Dollar Thrifty Automotive Group Inc. today reported results for the second quarter ended June 30, 2010. Net income for the 2010 second quarter was $42.3 million, compared to net income of $12.4 million in the year-ago period.
Non-GAAP net income for the 2010 second quarter was $38.0 million, compared to non-GAAP net income of $6.9 million, for the 2009 second quarter. Non-GAAP net income (loss) excludes the (increase) decrease in fair value of derivatives and the non-cash charges related to the impairment of long-lived assets, net of related tax impact.
The company reported corporate adjusted EBITDA for the second quarter of 2010 of $74.3 million, compared to $20.9 million in the second quarter of 2009. The company noted that it incurred merger-related expenses of $6.8 million during the quarter, negatively impacting reported results. Excluding these merger-related expenses, corporate adjusted EBITDA for the second quarter of 2010 was $81.1 million.
"The company's ongoing efforts in the areas of revenue management, expense control and fleet management continue to reap significant benefits, as demonstrated by our sixth consecutive quarter of year-over-year double-digit growth in corporate adjusted EBITDA," said Scott L. Thompson, president and chief executive officer. "Our day-to-day focus continues to be on improving the company's return on assets while maximizing our cash flow.

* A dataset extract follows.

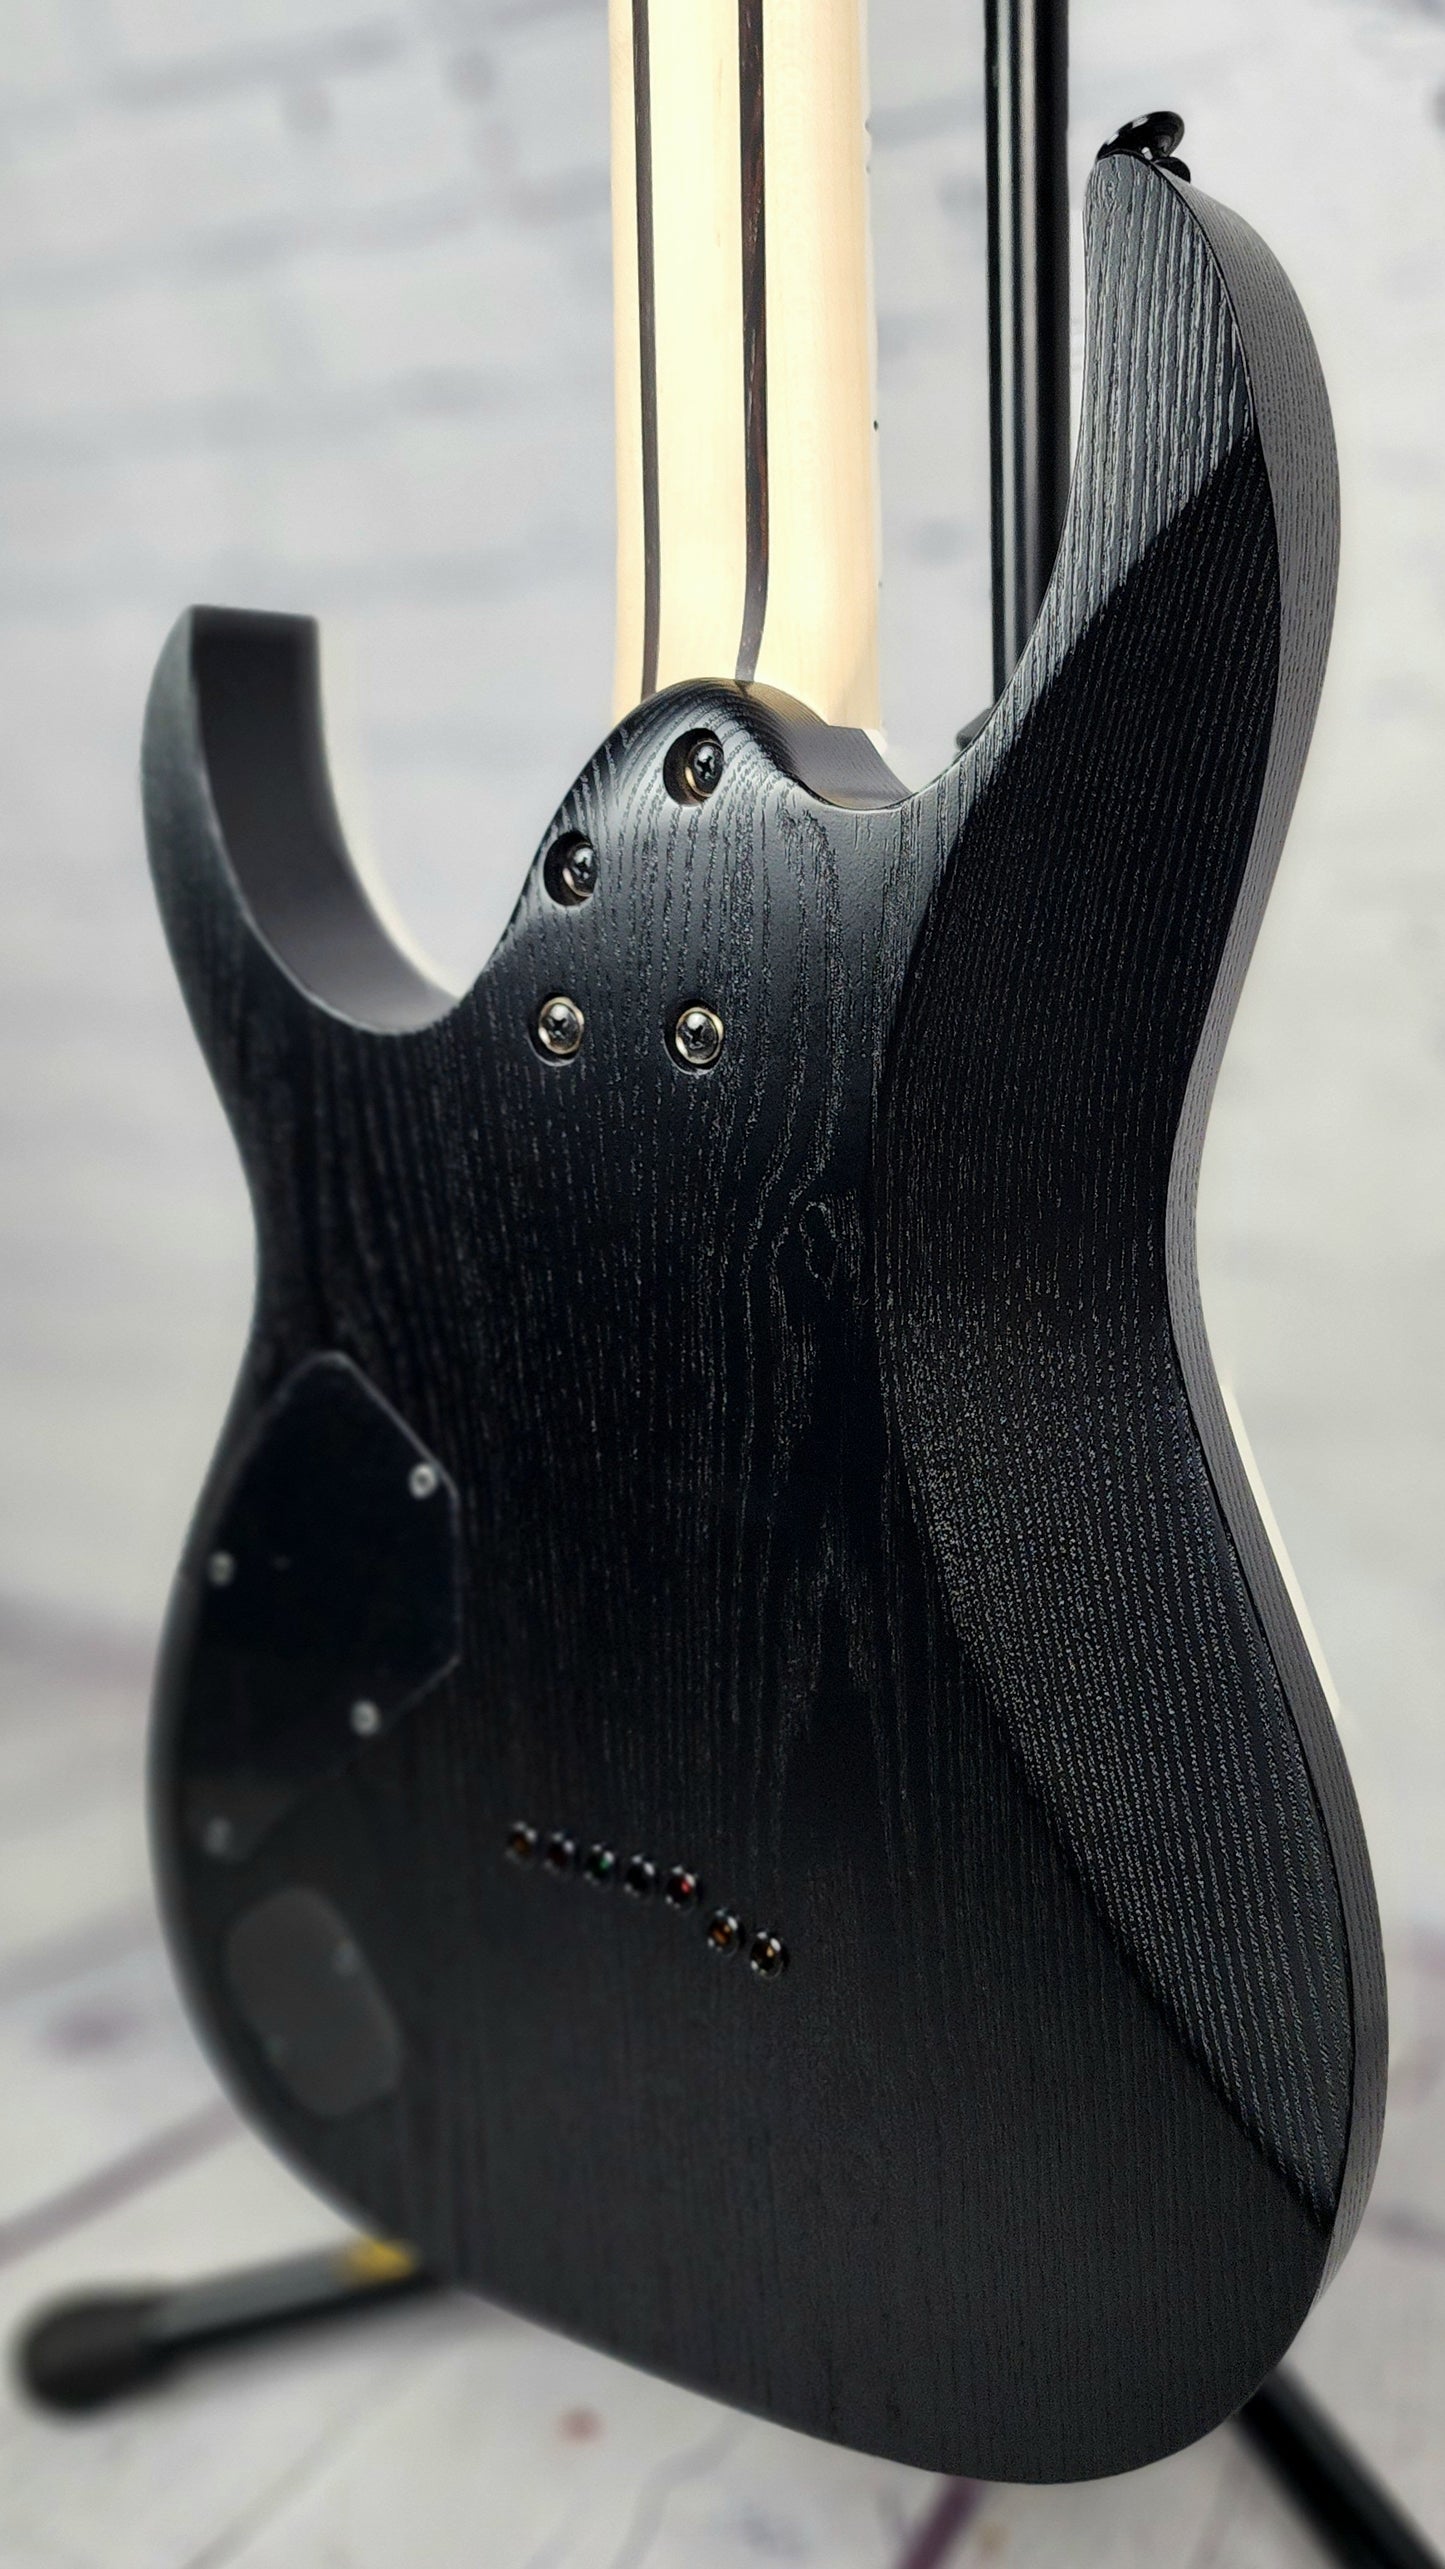 Ibanez Prestige RGR752AHBF WK 7 String Electric Guitar Weathered Black

I am pleased to report that we are on track to make 2010 the most profitable year in the history of the company."
On a same-store basis, rental revenues for locations that were open during the second quarter of both 2010 and 2009 were up 2.9 percent compared to last year's second quarter. For the quarter ended June 30, 2010, Dollar Thrifty's total revenue was $396.2 million, as compared to $399.6 million for the comparable 2009 period. The decline in total revenue was primarily driven by a decline in vehicle leasing revenue, resulting from a planned reduction in vehicles leased to franchisees. Vehicle rental revenue for the quarter was consistent on a year-over-year basis as an 80 basis point improvement in rate per day offset a 50 basis point decline in rental days. The second quarter 2010 average fleet was down 0.8 percent compared to the second quarter of 2009, while the ending fleet was up 0.9 percent from the second quarter of 2009.
"We are pleased with the results for the quarter, having realized increases in transaction days and utilization on a same-store basis, while continuing to realize pricing improvement in a more challenging and competitive pricing environment. Based on our solid second quarter results combined with our current reservation book and our outlook for the economy, we expect revenue growth going forward," said Thompson.
Vehicle depreciation per unit for the second quarter of 2010 totaled $193 per month as the company continued to benefit from the overall strength of the used vehicle market, in addition to changes the company made in 2009 to its fleet planning and remarketing operations that were designed to lower fleet depreciation costs per unit and mitigate enterprise risk. Vehicle utilization was 80.8 percent, up 20 basis points from last year's second quarter.
Operating expenses (direct vehicle and operating expenses and selling, general and administrative expenses) were higher in the second quarter of 2010 compared to the same quarter in 2009 primarily as a result of $6.8 million of merger-related costs incurred, in addition to a $3 million increase in self insured vehicle liability reserves related to a vicarious liability claim that is currently under appeal by the company. These costs were partially offset by ongoing cost reduction efforts and cost efficiency initiatives. As a percentage of revenues, operating expenses totaled 62.7 percent of revenues in the second quarter of 2010, compared to 61.0 percent in the second quarter of 2009, primarily as a result of the cost increases noted above.
Interest expense, net of interest income, for the second quarter of 2010 declined $1.3 million on a year-over-year basis primarily as a result of approximately $300 million in net reduction in the debt outstanding for 2010 compared to 2009, partially offset by reduced interest income as the company deployed the excess cash balances on hand in 2009 to reduce indebtedness, and to reinvest in the rental fleet.